И опять тот же глухой голос:
— Бирюкову!
— Кому?
— Лейтенанту!..
Когда ритуал дележки закончился, Василий откинул плащ-палатку. В блиндаже было накурено. Тепло, напитанное влагой земляных стен, приятно коснулось его. Гильза от снаряда, сплющенная вверху, держала фитиль из обрезка бязи и освещала землянку язычком чадящего пламени. Солдаты сидели, прижавшись спинами к стенам. В узком проходе на расстеленных серых измятых полотенцах стояли котелки, кружки, лежали хлеб и сахар. Когда можно спать, эти люди вот так же, как сейчас, садятся, лишь опускаются чуть ниже, вытягивая ноги от стены к стене.

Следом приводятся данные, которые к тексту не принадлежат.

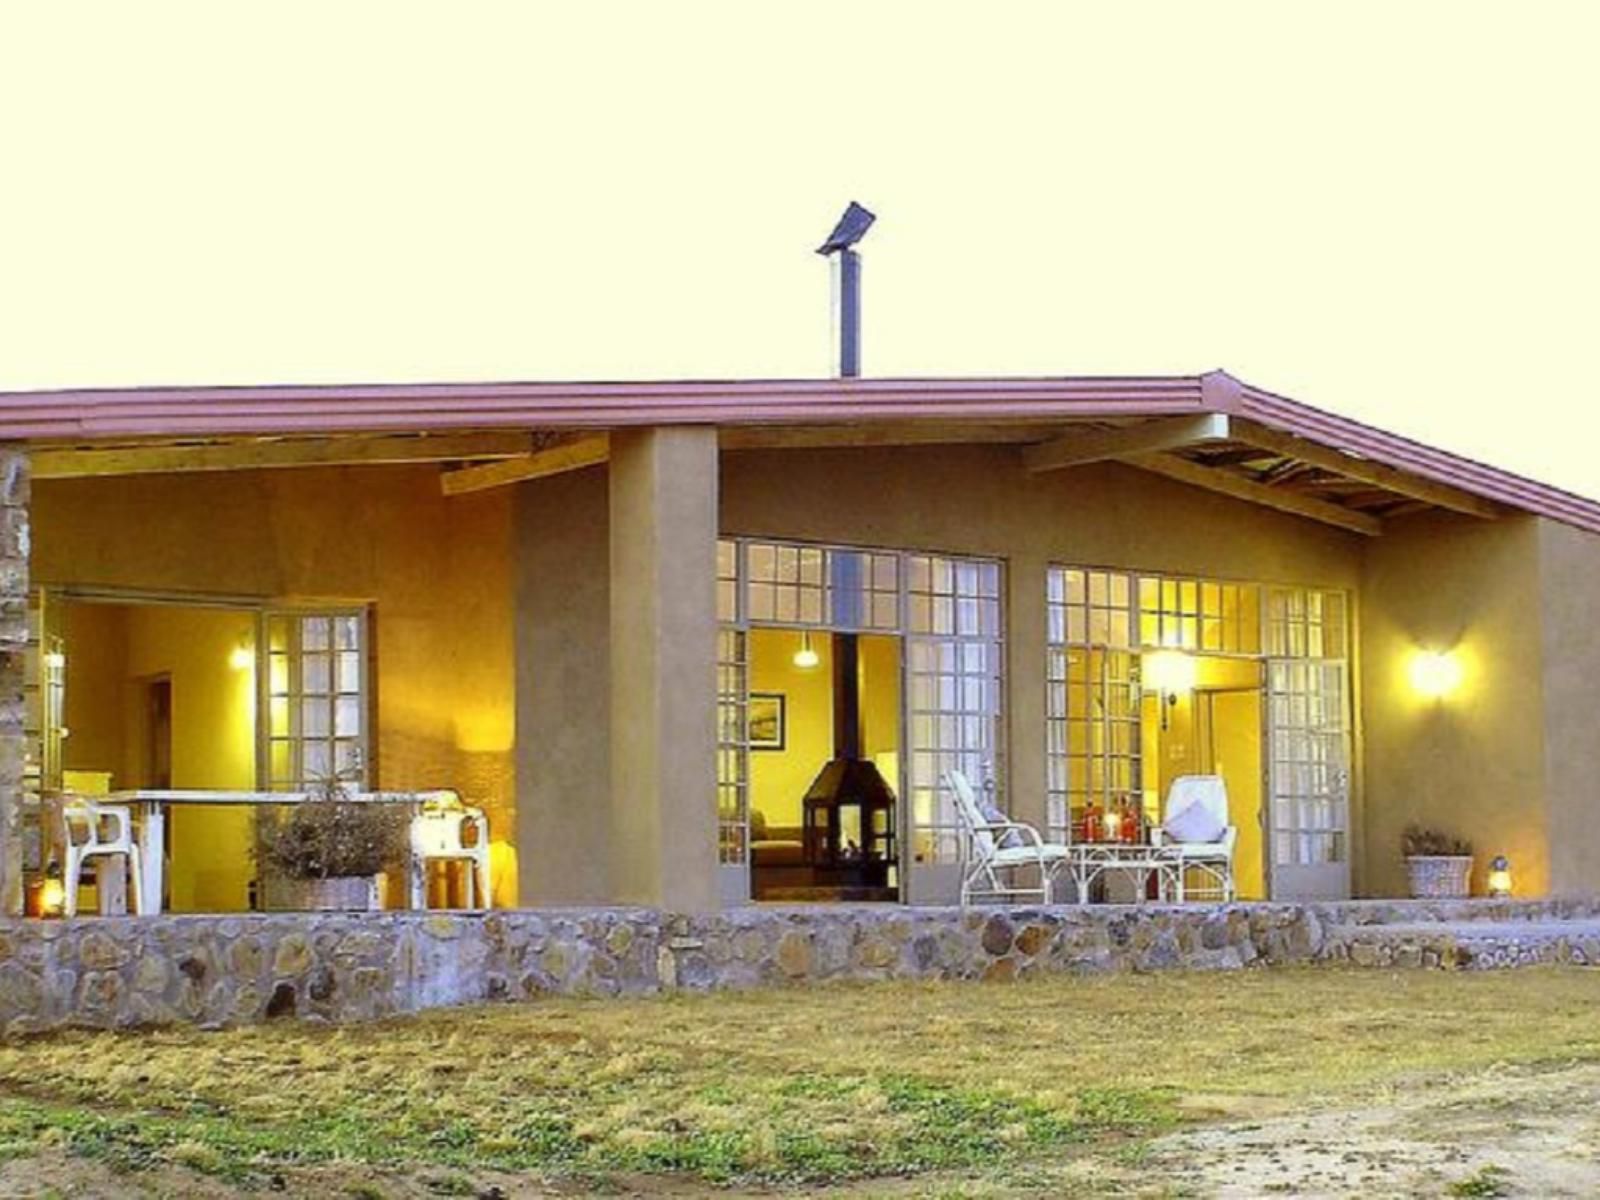 Amohela Ho Spitskop Country Retreat And Conservancy Ficksburg Free State South Africa House, Building, Architecture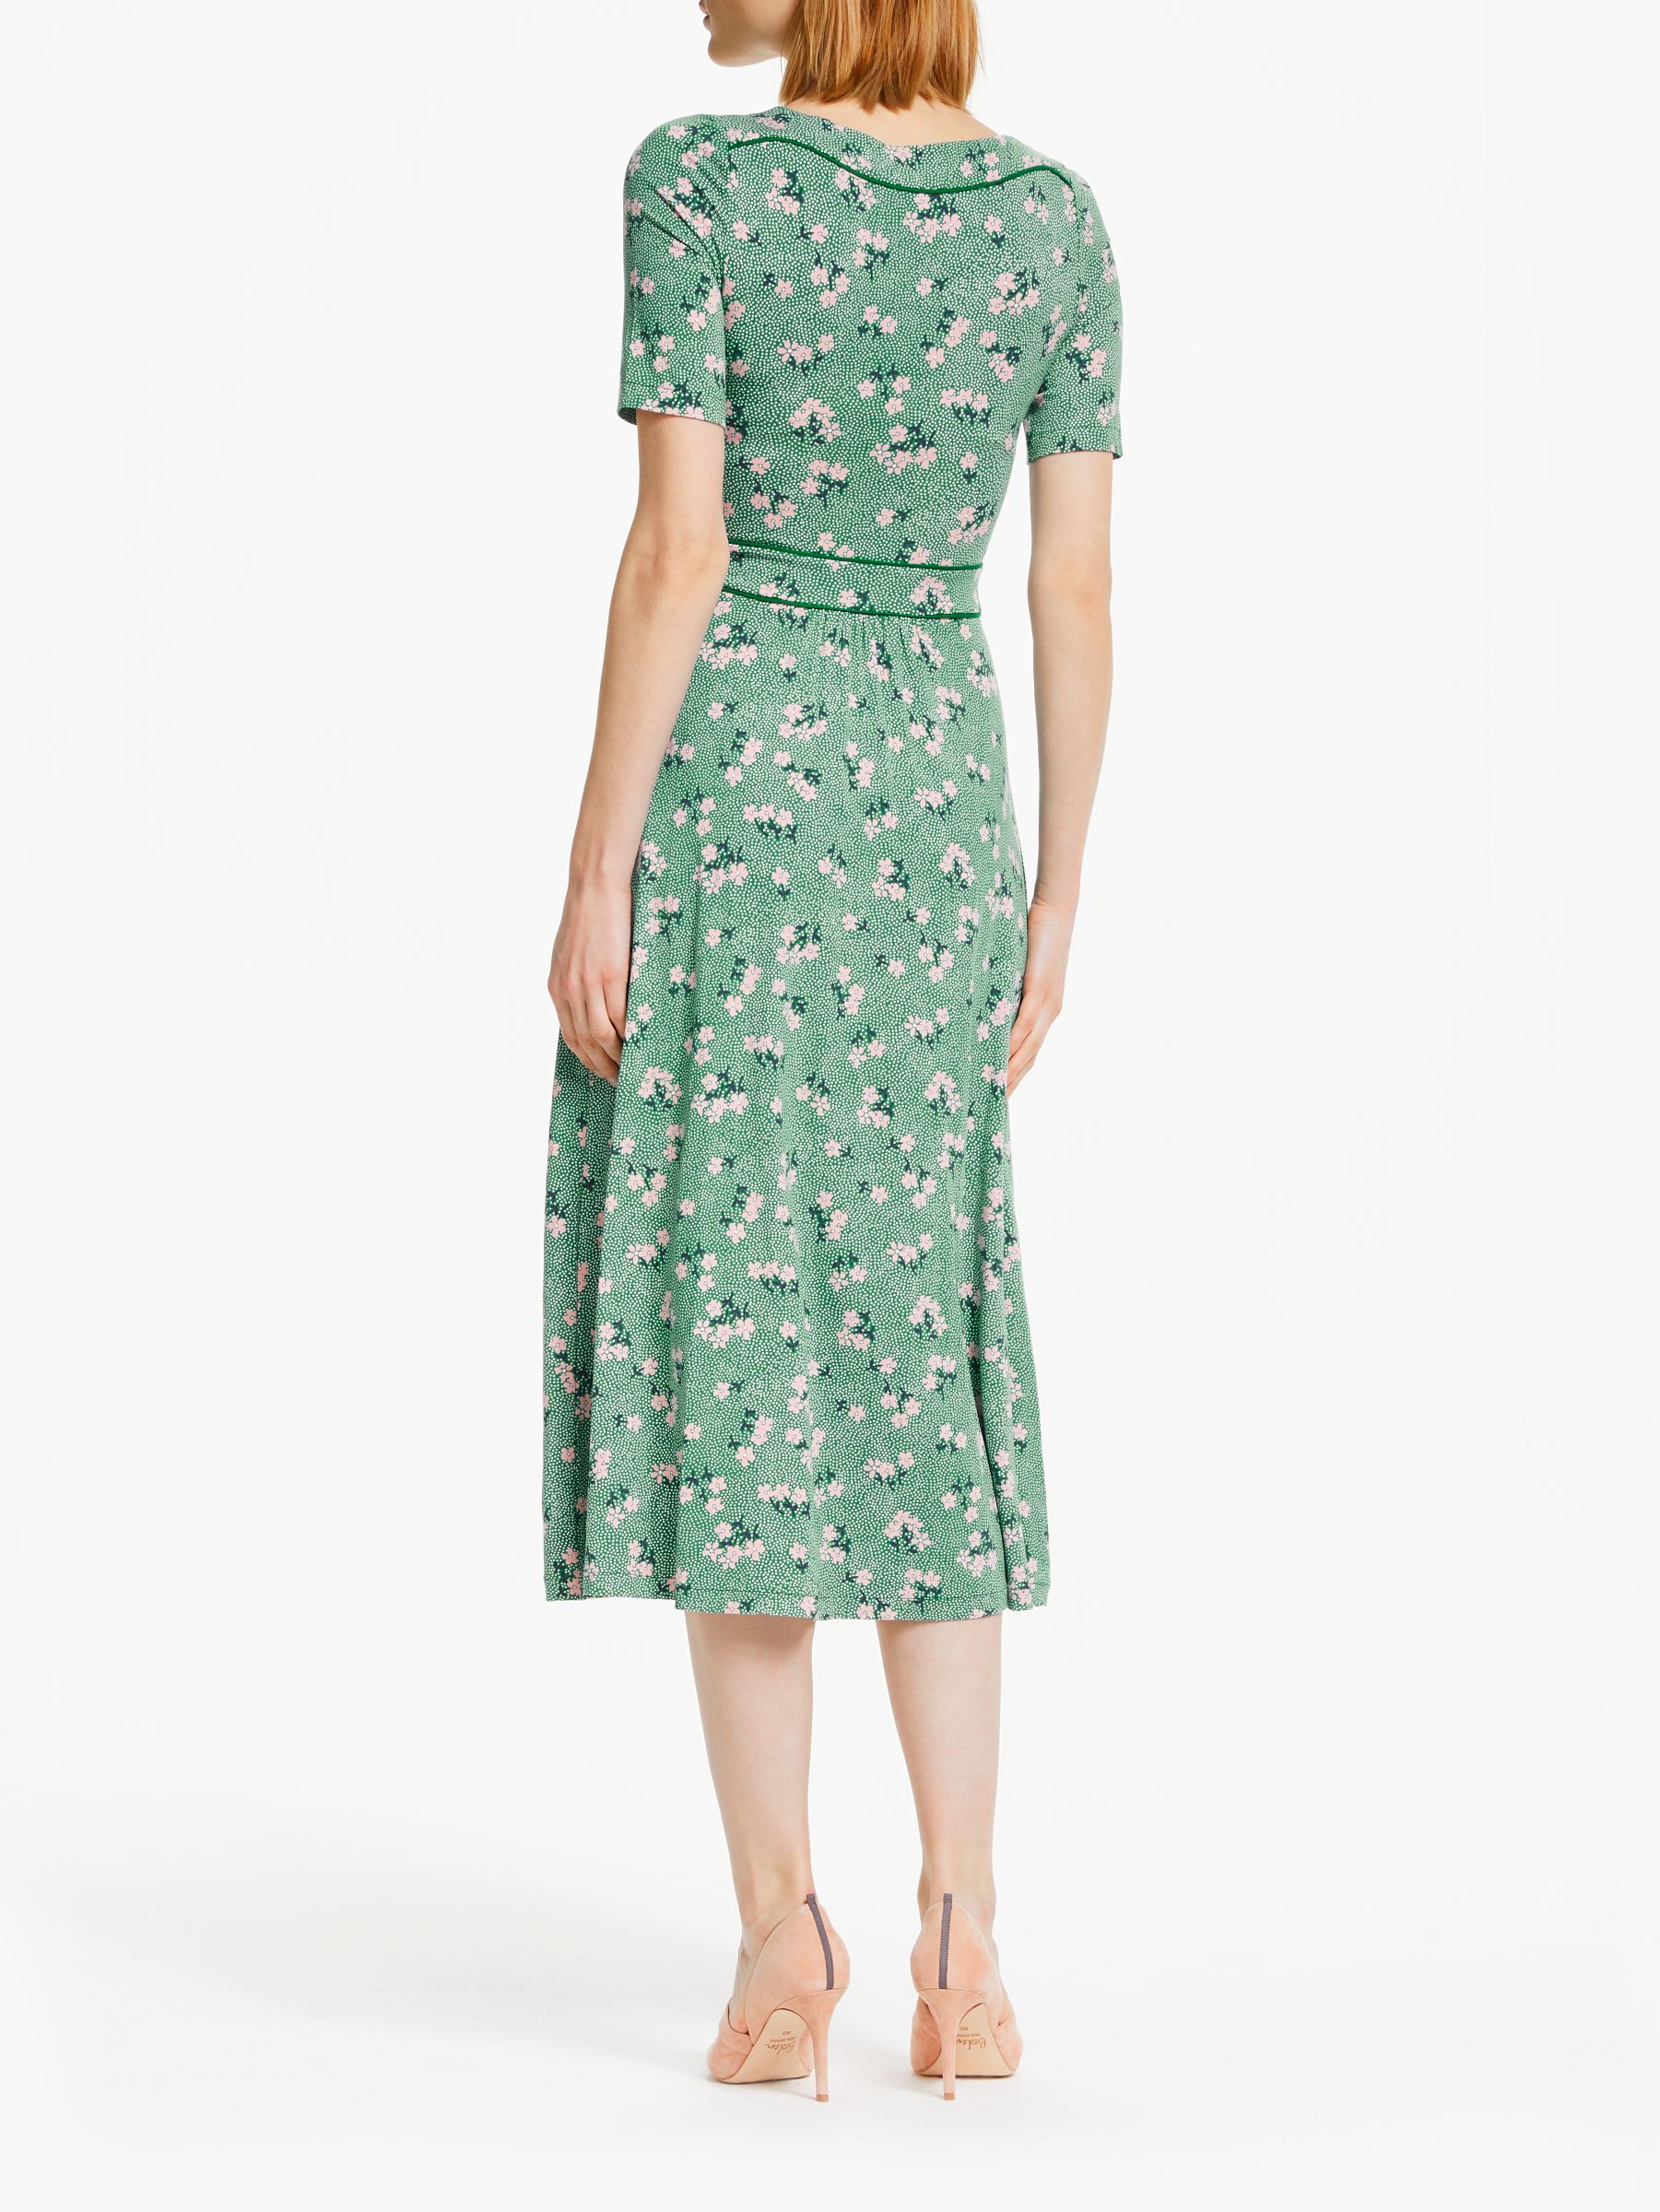 Boden Ava Floral Spot Midi Dress, Forest Green/Chalky Pink

Василий был доволен блиндажом: удобный. Будто специально рассчитан на его взвод: две свободные смены — восемь человек — сразу могут отдыхать в тепле. А для него, командира, есть даже земляное возвышеньице в дальнем углу, и напротив этого возвышеньица выложена печурка из неведомо где взятого кирпича. Ее много раз обмазывали глиной, но она и теперь вся в трещинах — алые угли вываливаются сквозь щели. Над печкой протянулись черные обрывки кабеля, там постоянно сушатся портянки и рукавицы, заполняя блиндаж кислым запахом шерсти, пота и паленой ткани. Сейчас все эти запахи перекрыл дух наваристого борща.
«И еще чем хорош блиндаж, — размышлял Василий, — над головой двойной накат из нетолстых бревнушек, присыпанных слоем земли и снега. Не каждая дурная мина прошибет. Снаряд, конечно, пропорет насквозь и взорвется внутри, но не так уже часто на войне случаются прямые попадания!»
Ромашкин со своим взводом немало сменил позиций. Приходилось жить по-всякому: и без печки, и вовсе без блиндажа, в траншеях, где по колено воды. И от сознания теперешнего удобства да и от тихого поведения немцев у Василия была по-настоящему праздничное настроение. Подняв свою кружку и отметив про себя, что солдаты налили ему побольше положенных ста граммов («Уважают, черти!»), лейтенант от души сказал:
— Ну, что же, братья-славяне, с Новым годом вас! И дотопать нам до Берлина!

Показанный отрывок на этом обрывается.